Construction firms are poised to play a key role in cutting New York City’s greenhouse gas emissions as large building owners move to comply with a local law limiting emissions from their properties. But some concerns remain around the law and the way it will be carried out.

The NYC Dept. of Buildings recently released an advisory board report with recommendations for city officials on implementing Local Law 97, which adds GHG emission limits for most buildings larger than 25,000 sq ft starting in 2024. Even stricter standards would take effect in 2030 under the law. City officials passed the law in 2019 as part of the Climate Mobilization Act to advance the goal of achieving carbon neutrality by 2050. The report was prepared with input from an advisory board of architects, engineers, owners, environmental advocates and others working with DOB.

Building owners whose properties exceed emissions limits face civil penalties. DOB officials estimate that 20-25% of buildings would exceed their emissions limits next year if owners take no action, and as many as 80% of buildings would not comply by 2030 if owners make no performance improvements. Building performance results would be self-reported, and DOB says owners who do not submit reports on energy use face penalties and fines starting in 2025. 

Some of New York’s busiest construction contractors say they are ready to help owners make needed retrofits to comply with the law. Shari Hyman, vice president of government affairs at Turner Construction Co., said in a statement that the advisory board recommendations help establish pathways for buildings to achieve their GHG reduction target.

“This target will spur the implementation of innovative approaches to retrofit buildings to advance long-term sustainability and resiliency and provide a healthier environment for all New Yorkers,” Hyman says. “It’s a valuable opportunity for the industry to set the bar for other cities on how to achieve a greener future.”
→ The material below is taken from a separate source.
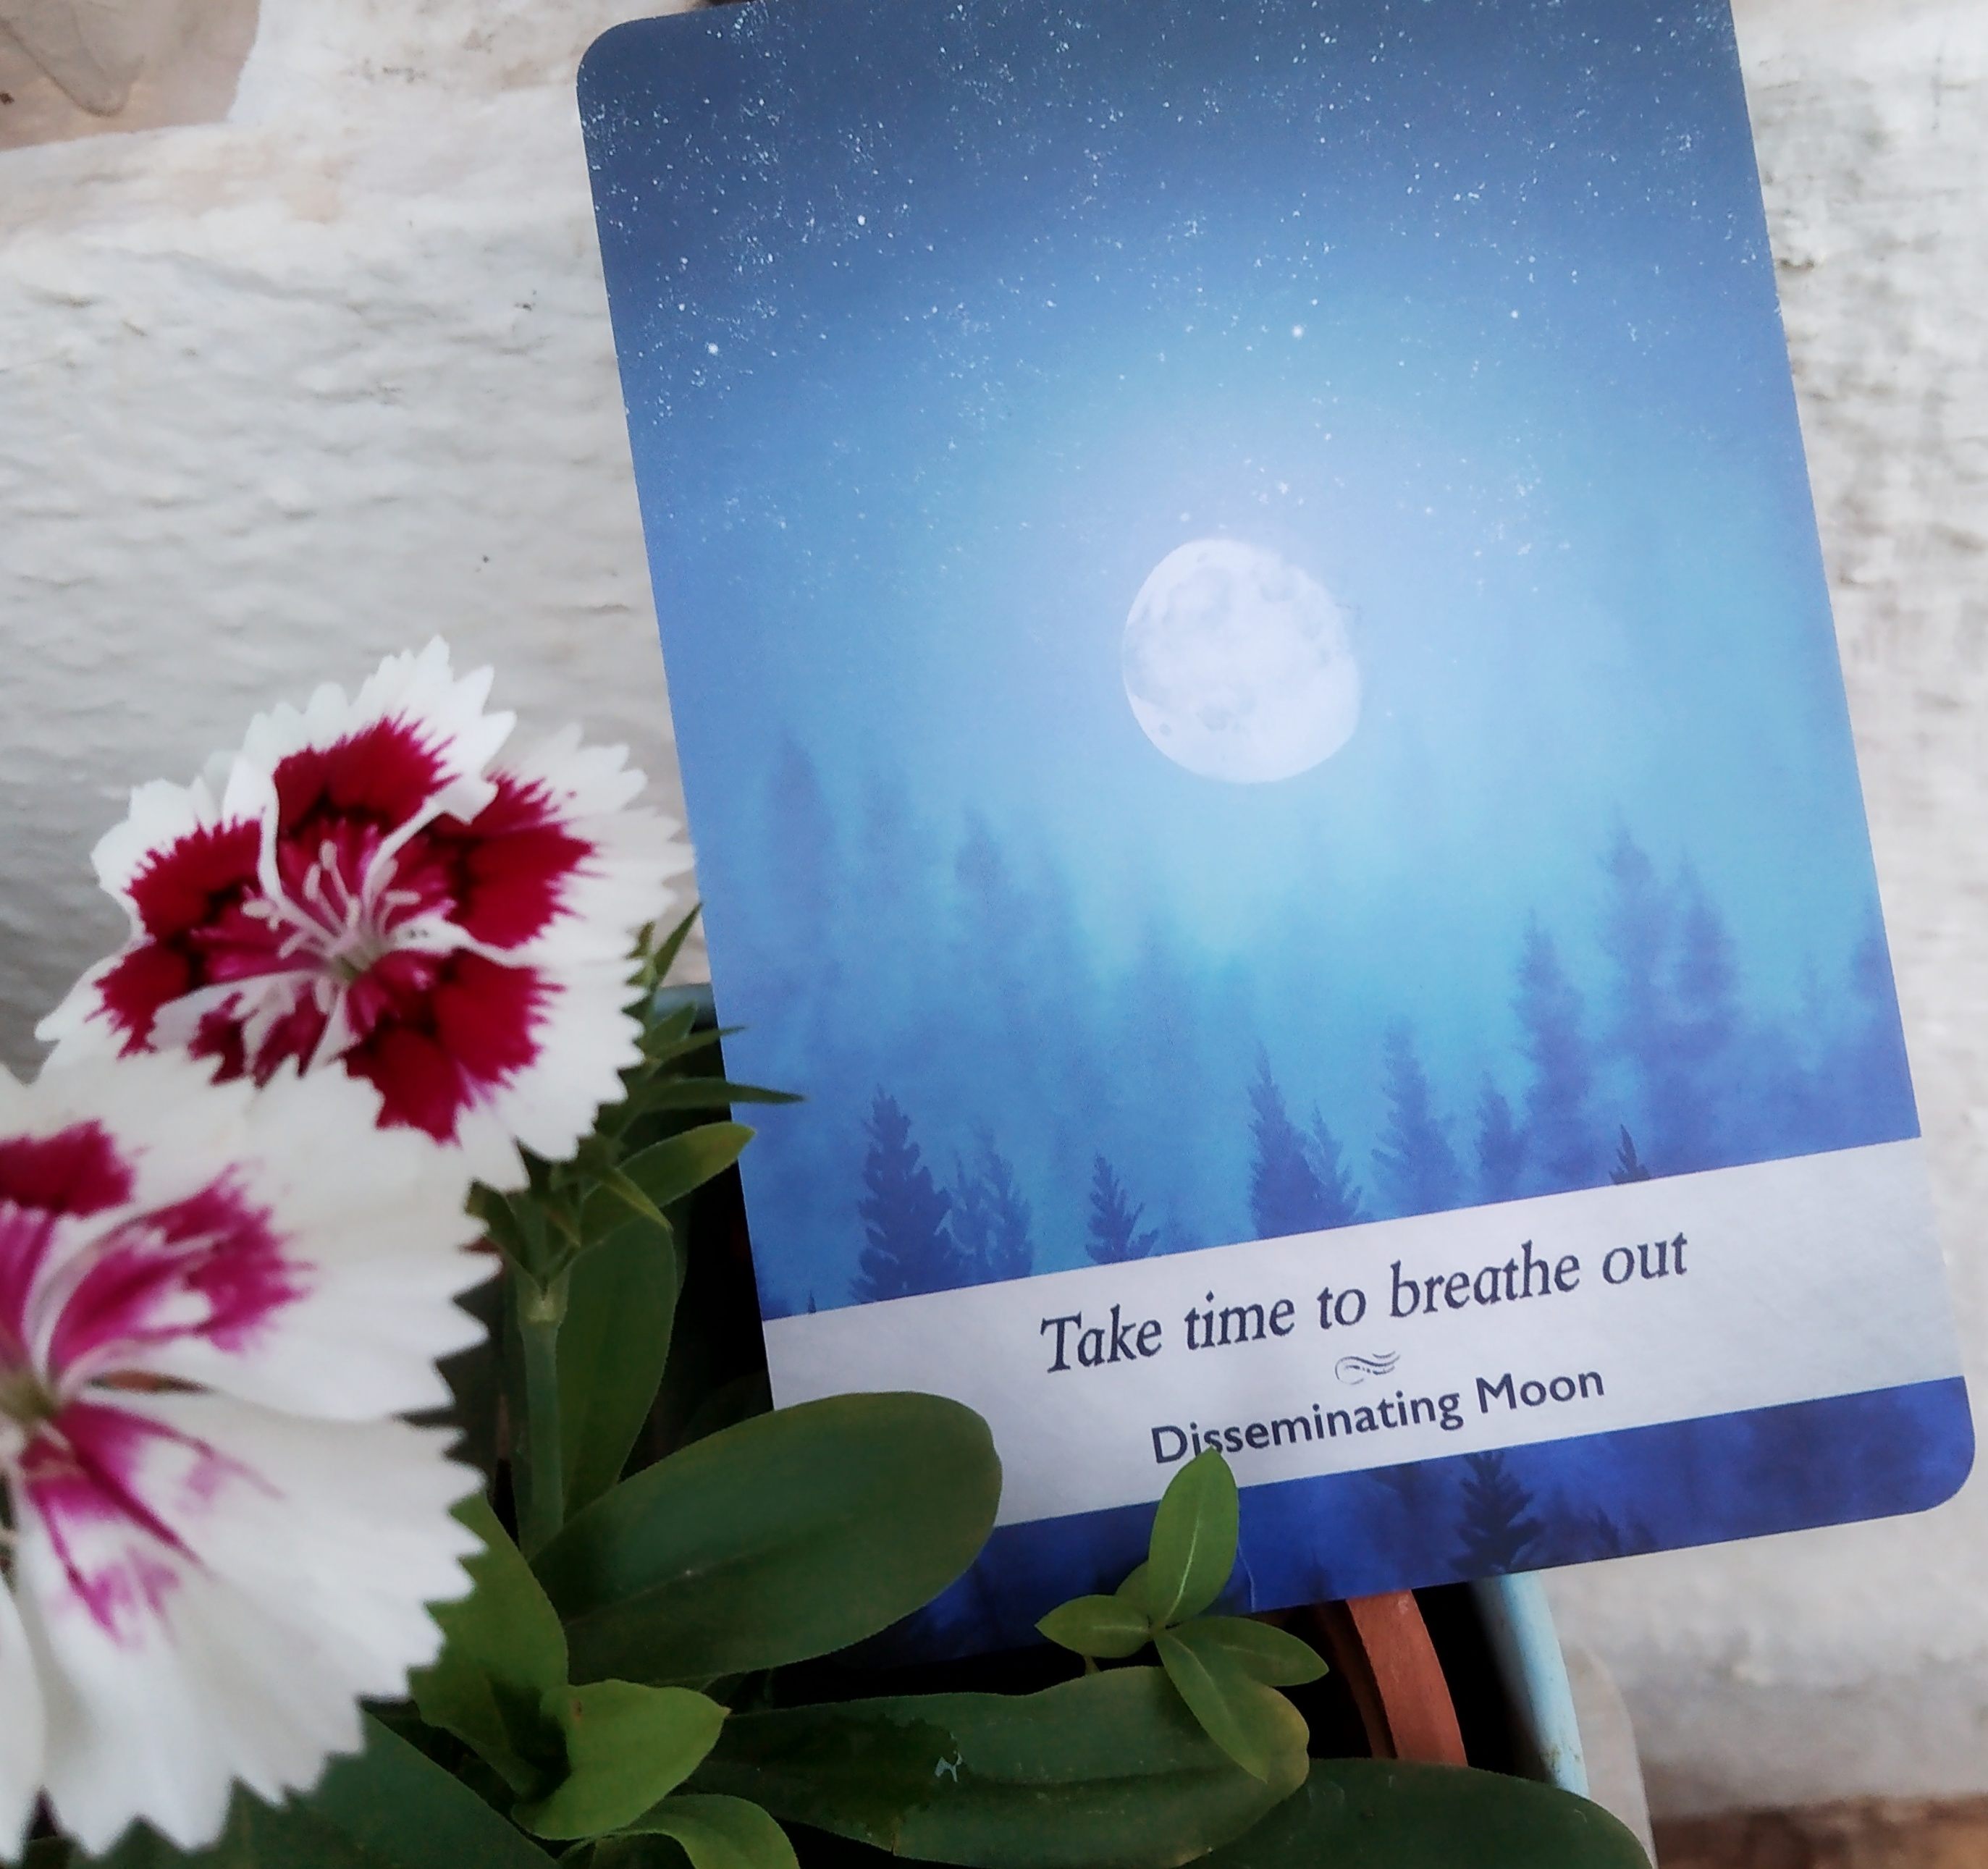 disseminating moon, moonology yasmin galoren, oracle card moon,

New York is not the first community to place limits on building emissions, but its size means the law stands to have a larger-scale impact. A DOB list identifies more than 27,000 buildings officials say would be covered by the law. Jennifer Taranto, vice president of sustainability at STO Building Group, said in a statement that the law “has opened the doors for other municipalities to understand the feasibility of building performance standards.” 

In addition to the advisory report, DOB also published its first final policy rule related to the law in December. The rule sets emissions limits over time for various property types, outlines compliance requirements for owners and provides methodology for calculating a building’s GHG limit. But it has reinvigorated concerns from owners about some details of the new emissions program created by Local Law 97. Daniel Avery, director of policy for The Real Estate Board of New York, noted that the rule mandates more stringent emissions standards in some building categories without providing tools to help owners reach targets.

“More must be done to help building owners achieve emissions reductions, particularly in this economic climate of inflation, rising interest rates and uncertainty about the future of the city’s economy,” Avery says.

Brian Sampson, president of the Associated Builders and Contractors Empire State Chapter, said in a statement that the group and its members support legislation advancing emissions reductions. However, Sampson said it is key to ensure that laws do not “make construction even more difficult and costly. He pointed to instances identified in the DOB advisory report where costs could exceed what is practical under the law, which he says could exacerbate affordable housing issues by discouraging owners from investing in the city. 

Some environmental advocates, and some contractors, have also shared concerns about provisions allowing owners to purchase renewable energy credits for deductions from emissions related to electricity use. Amanda Kaminsky, director of sustainable construction, Americas, for Lendlease said in a statement that RECs can provide some near-term benefits, but the city should “empower onsite construction retrofits that result in direct emissions reduction.” 

“Moving forward, further clarity from the Dept. of Buildings should ensure these rules are implemented effectively and at the appropriate pace,” Kaminsky says.

Despite concerns around some of the specifics of implementation, there is general support in the real estate industry for reducing emissions. REBNY members “continue to lead the way in reducing emissions through investments in building efficiency, electrification and renewable energy deployment,” Avery says. And last April, the New York State Energy Research and Development Authority released a “playbook” on low-carbon retrofits for building owners, in conjunction with high-profile developers including Empire State Realty Trust, The Durst Organization, Hudson Square Properties and Vornado. 

Contractor Skanska USA, a tenant of Empire State Realty Trust with its LEED CI Platinum-certified office in the Empire State Building, contributed to the playbook, as well as DOB’s advisory report. Myrrh Caplan, vice president of sustainability at Skanska USA Building, said in a statement that Local Law 97 shows that New York “has positioned itself to tackle the climate crisis.”

“The success of meeting the city’s sustainability goals will continue to require substantial collaboration across many key stakeholders,” Caplan says.